Salerno

La squalifica di Ronaldo e l'assenza per infortunio di Busellato rappresentano un bel problema per mister Bollini che, da tempo, a centrocampo deve fare i conti con una sorta di emergenza che, a lungo andare, rischia di penalizzare oltremodo la Salernitana. Dopodomani, a cospetto di un Bari molto più forte di quanto non dica la classifica, il trainer bergamasco riconfermerà la diga Minala-Odjer e dovrà scegliere chi sarà il terzo calciatore a completare la linea mediana. Il ballottaggio, obbligato, è quello tra Francesco Della Rocca e Antonio Zito, il primo molto disciplinato tatticamente e bravo negli inserimenti senza palla, il secondo beniamino del pubblico ed elemento di grandissima personalità che, in gare del genere, potrebbe risultare determinante. Non a caso Zito sembra nettamente favorito e si sta allenando al massimo per convincere l'allenatore, orientato a schierare i granata con un 4-3-3 camaleontico e pronto a trasformarsi in un più accorto 4-4-2 in fase di non possesso.
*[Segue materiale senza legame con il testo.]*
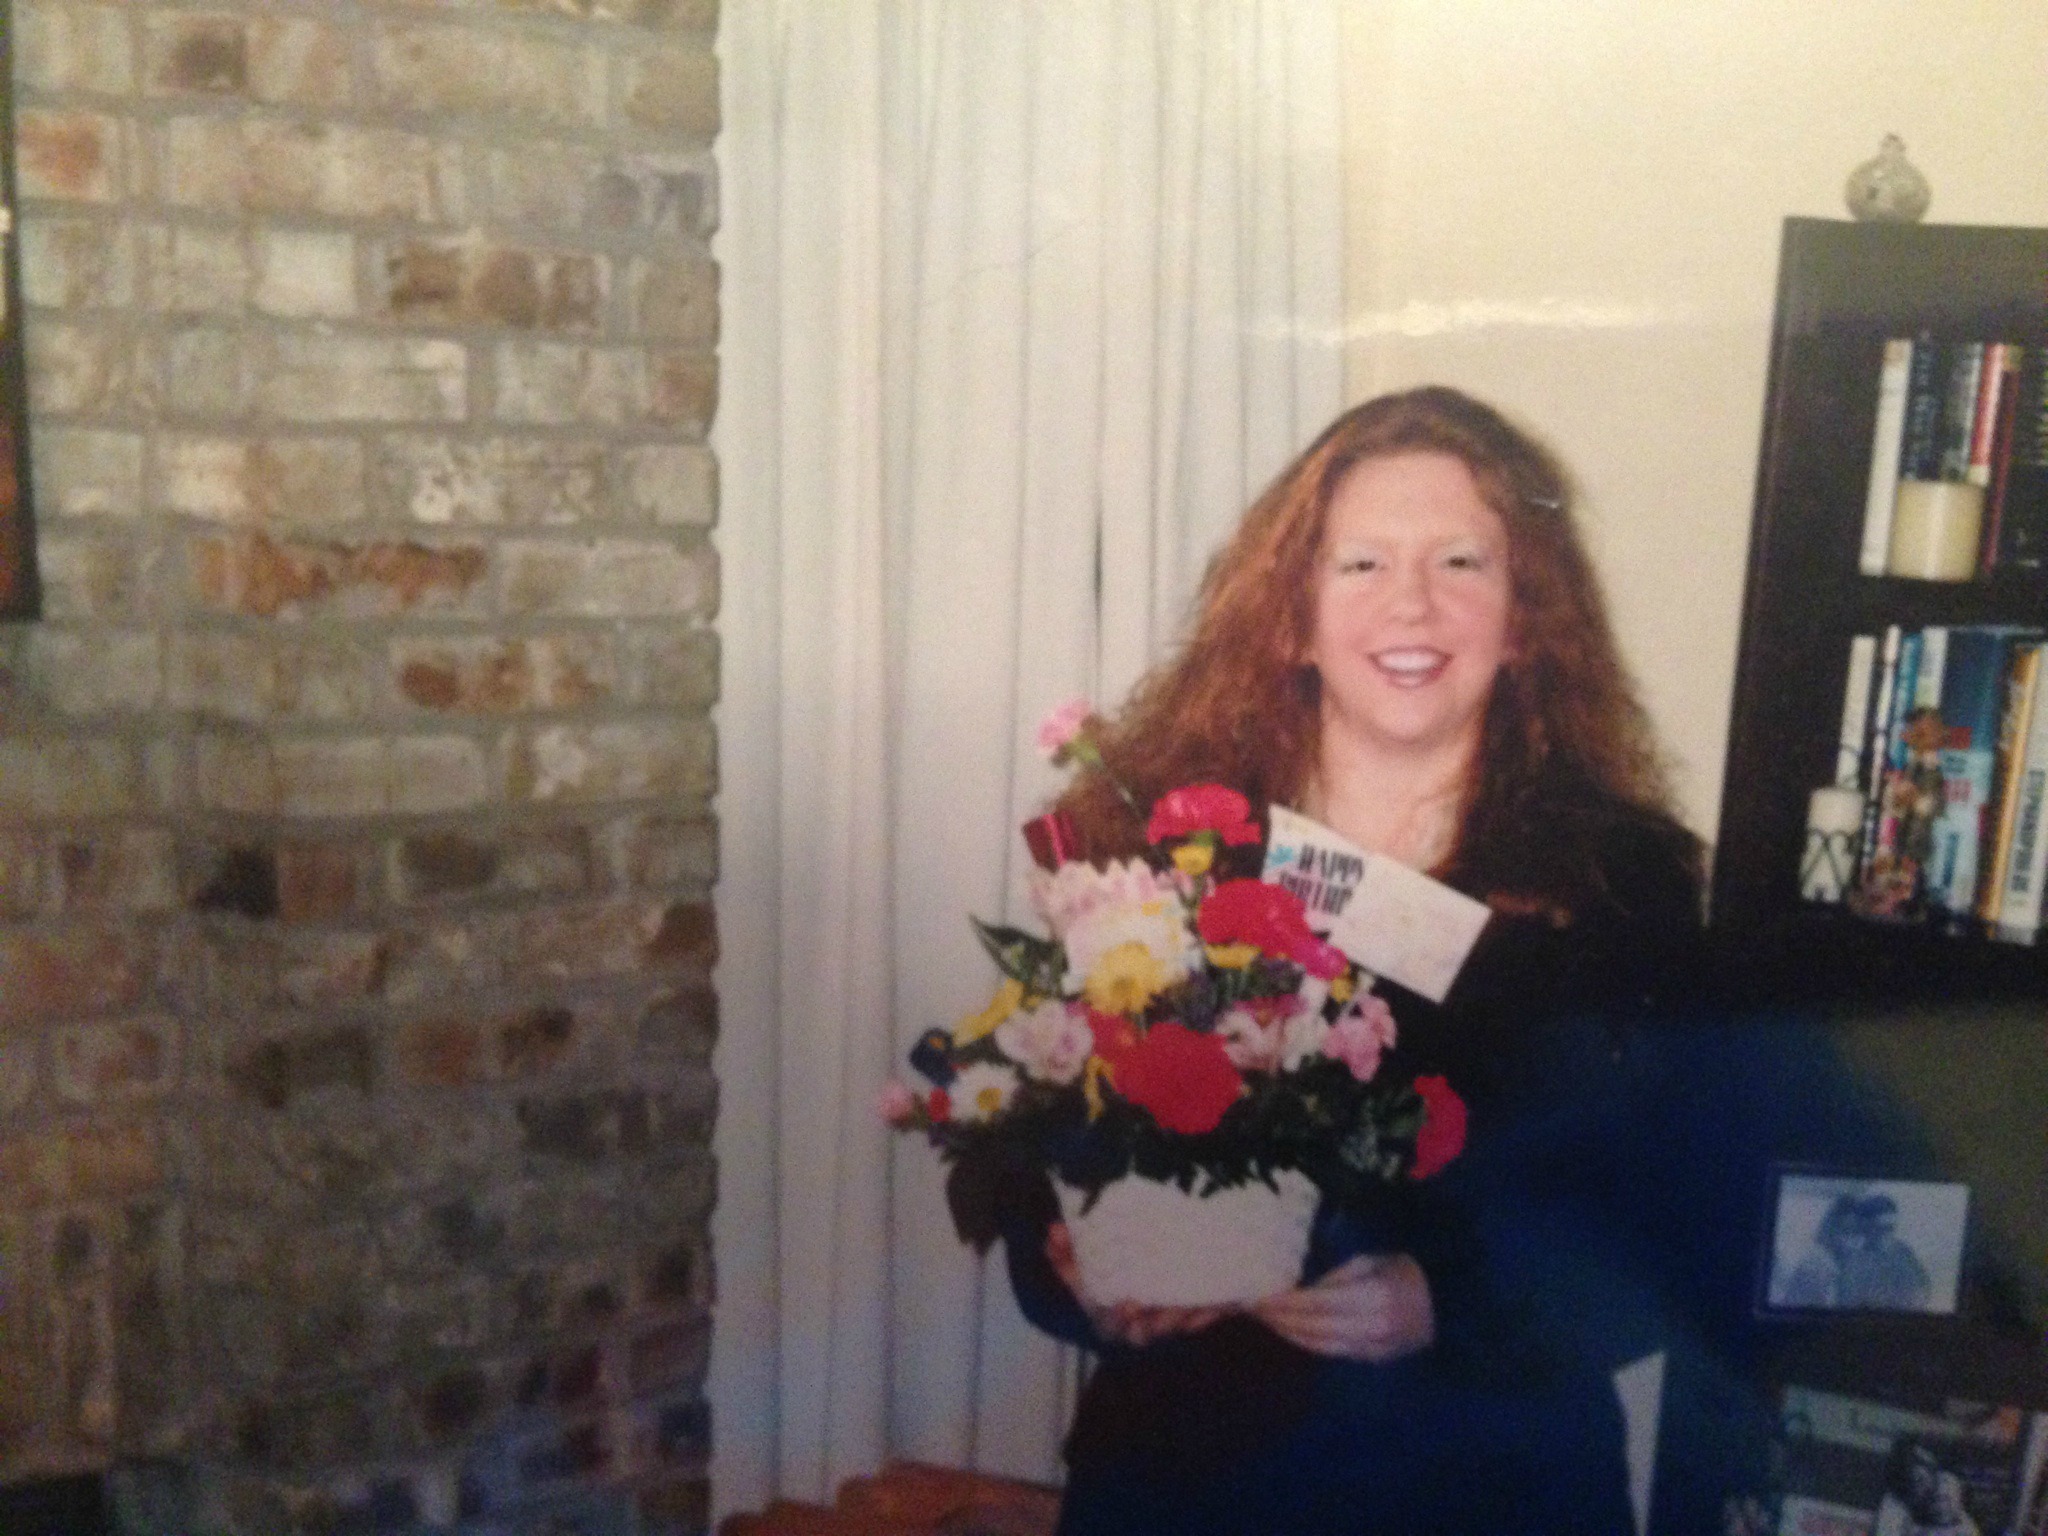 A picture of an overweight woman holding flowers.

Zito, come noto, ha una specie di conto aperto con il Bari. Un'esultanza polemica qualche anno fa scatenò l'ira del pubblico biancorosso e, nella sfida d'andata, la curva Nord lo fischiò per tutto l'arco della gara, un atteggiamento che fece discutere e animò il dibattito sul web. "Siamo gemallati e offendono un giocatore che indossa la maglia granata" uno dei pareri più diffusi, "Se Mandorlini allenava il Bari, lo avremmo accolto con un applauso?" la risposta di chi difende a tutti i costi il gemellaggio ricordando che Zito, ai tempi dell'Avellino, provocò il popolo barese creando uno strappo insanabile. Martedì, però, si gioca a Salerno e la speranza è che l'antica amicizia tra le due tifoserie spinga gli ultras ospiti ad assumere un comportamento meno ostile nei confronti di un giocatore della Salernitana.